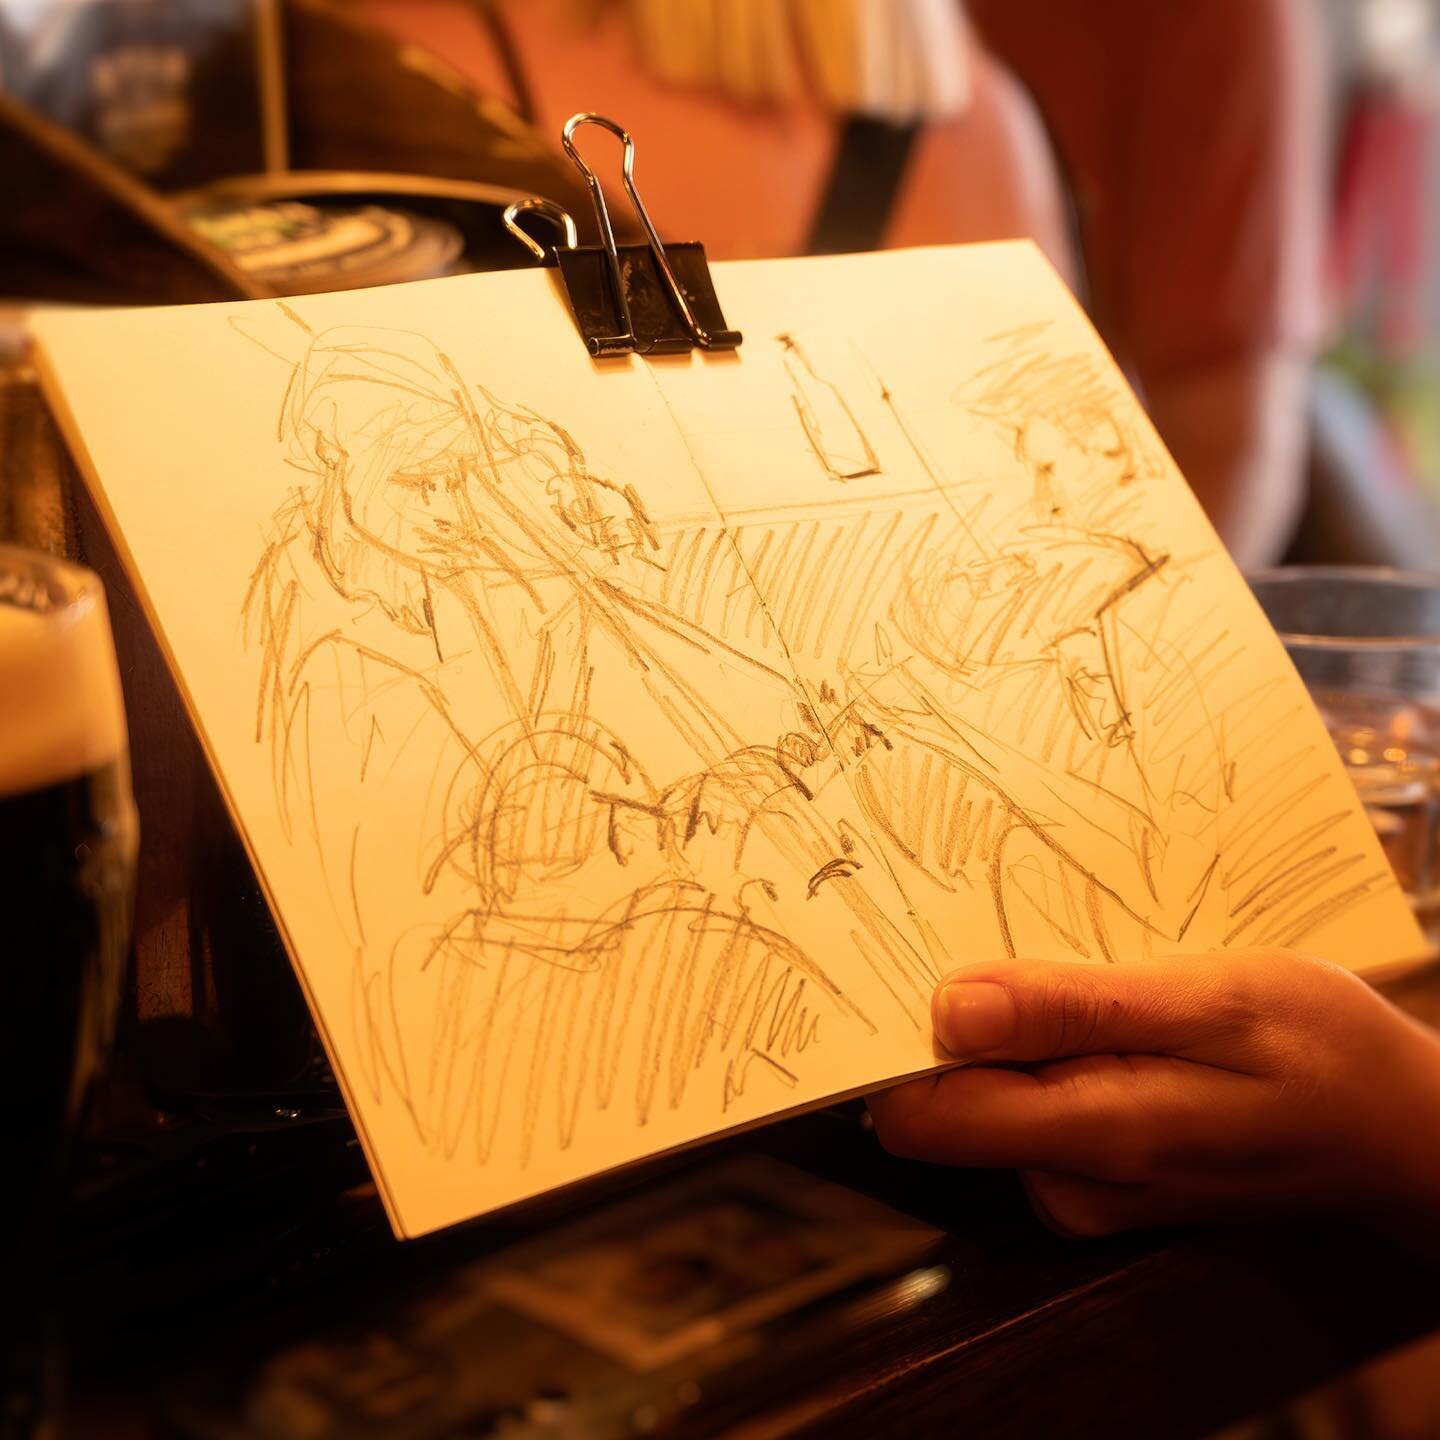 Behold the beautiful artistry of one of our valued patrons capturing the life and energy of our Traditional Sunday Seisi&uacute;n. Make sure to come on down and enjoy our live music every Sunday! 

Sl&aacute;inte.

🎨 @annabelleblott 

#thewhiskeytum
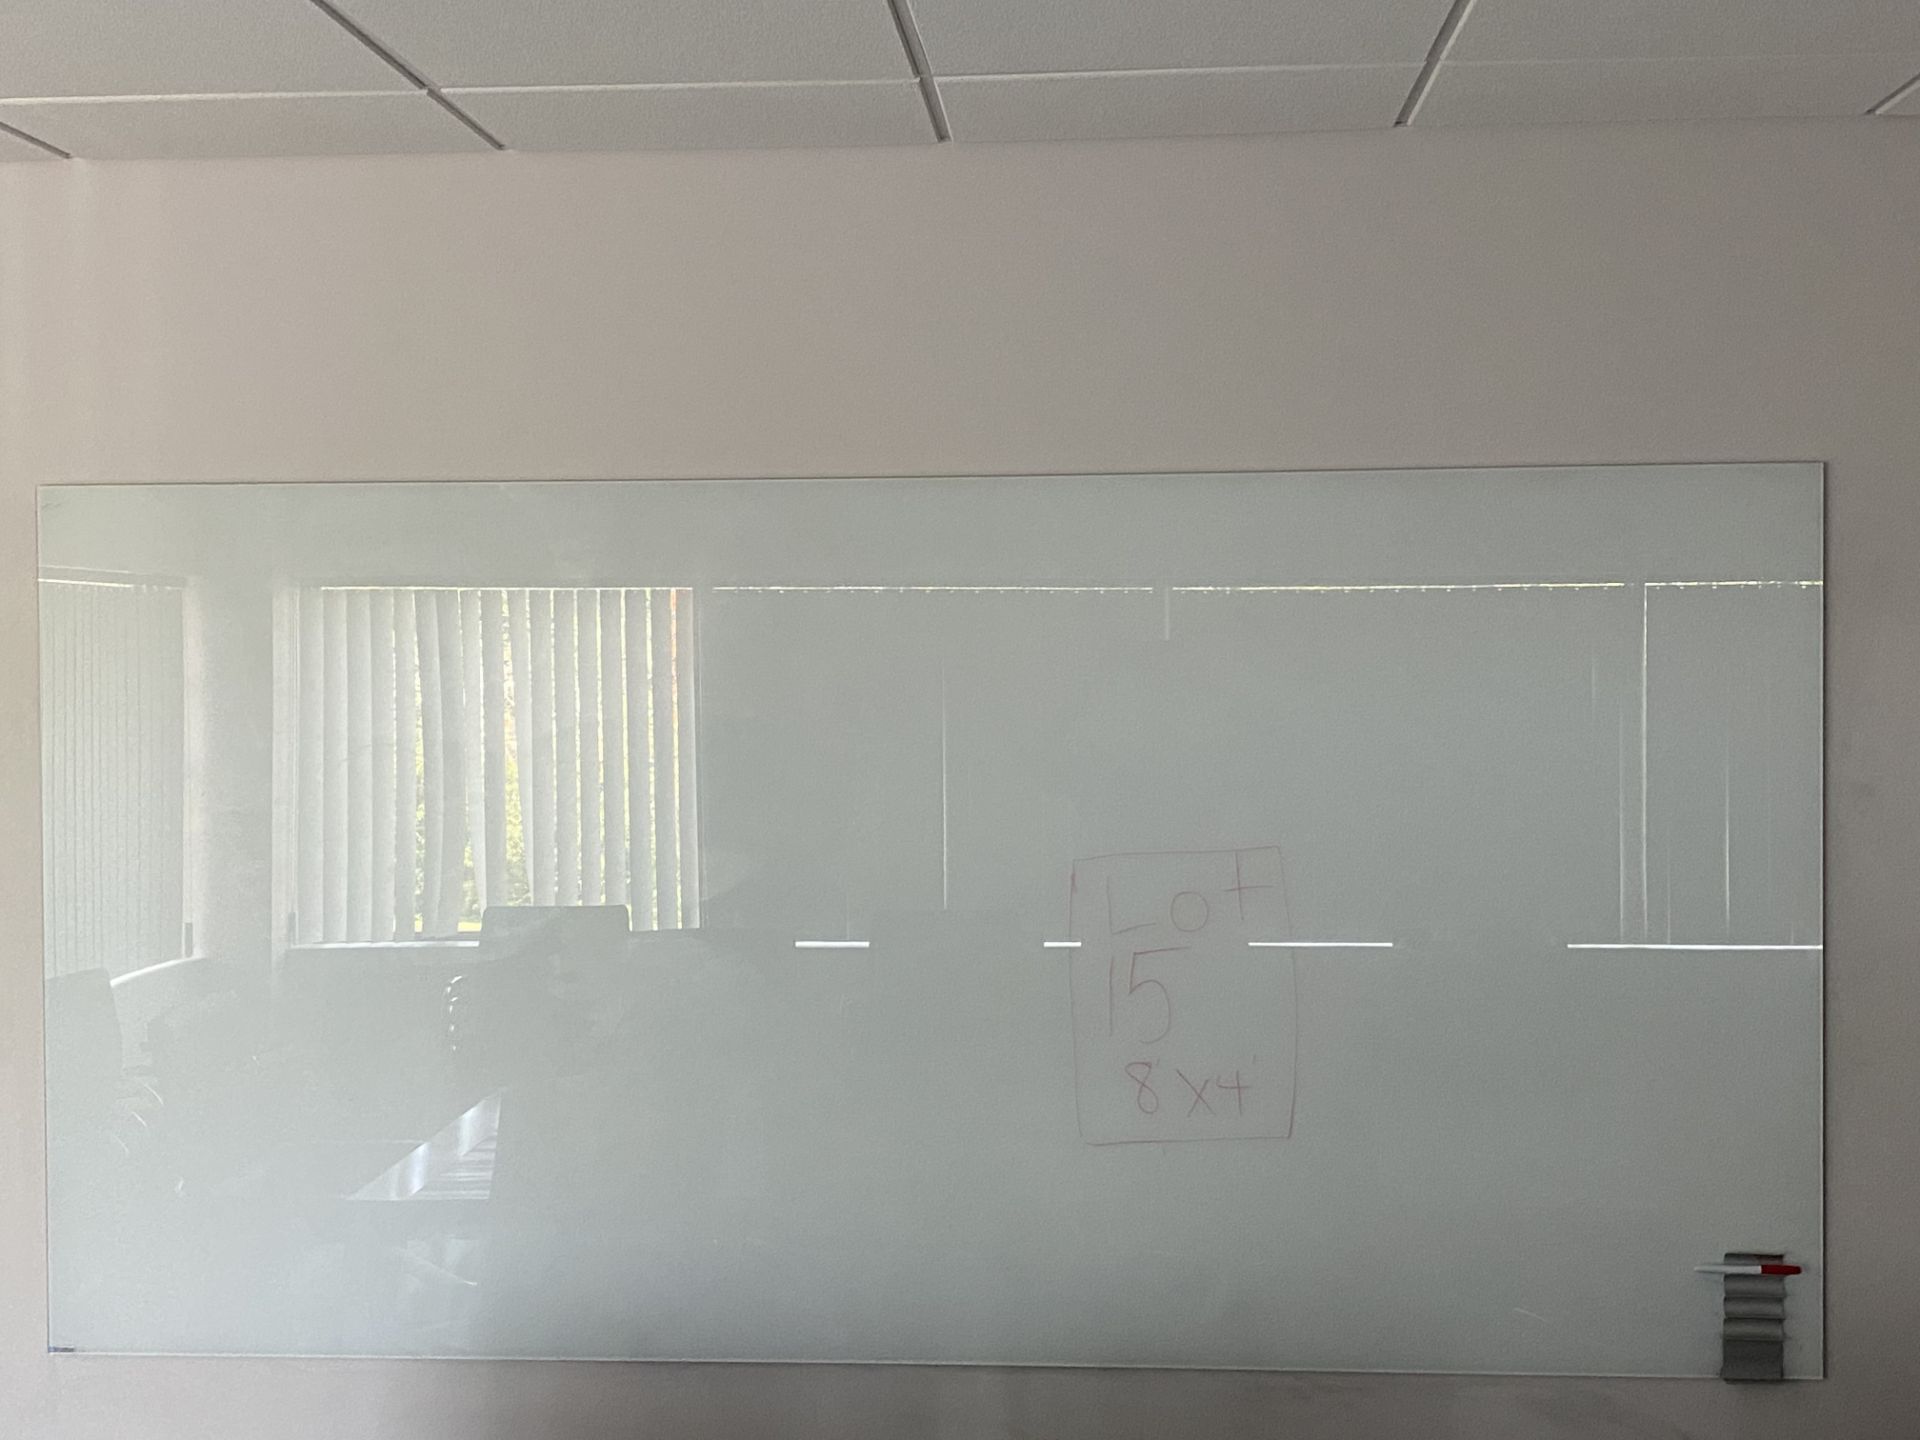 8' x 4' Clarus Float Tempered Glassboard 48"H x 98"W x 1/4" Thick, Pure White C100, Type PPG Star

+===+

__What you will do__: In the records, the line containing "Sl&aacute;inte." starts the span and the final line ends it. Output exactly that span, both ends included, with no pictures and nothing else.

__Exercise result__:
Sl&aacute;inte.

🎨 @annabelleblott 

#thewhiskeytum
 8' x 4' Clarus Float Tempered Glassboard 48"H x 98"W x 1/4" Thick, Pure White C100, Type PPG Star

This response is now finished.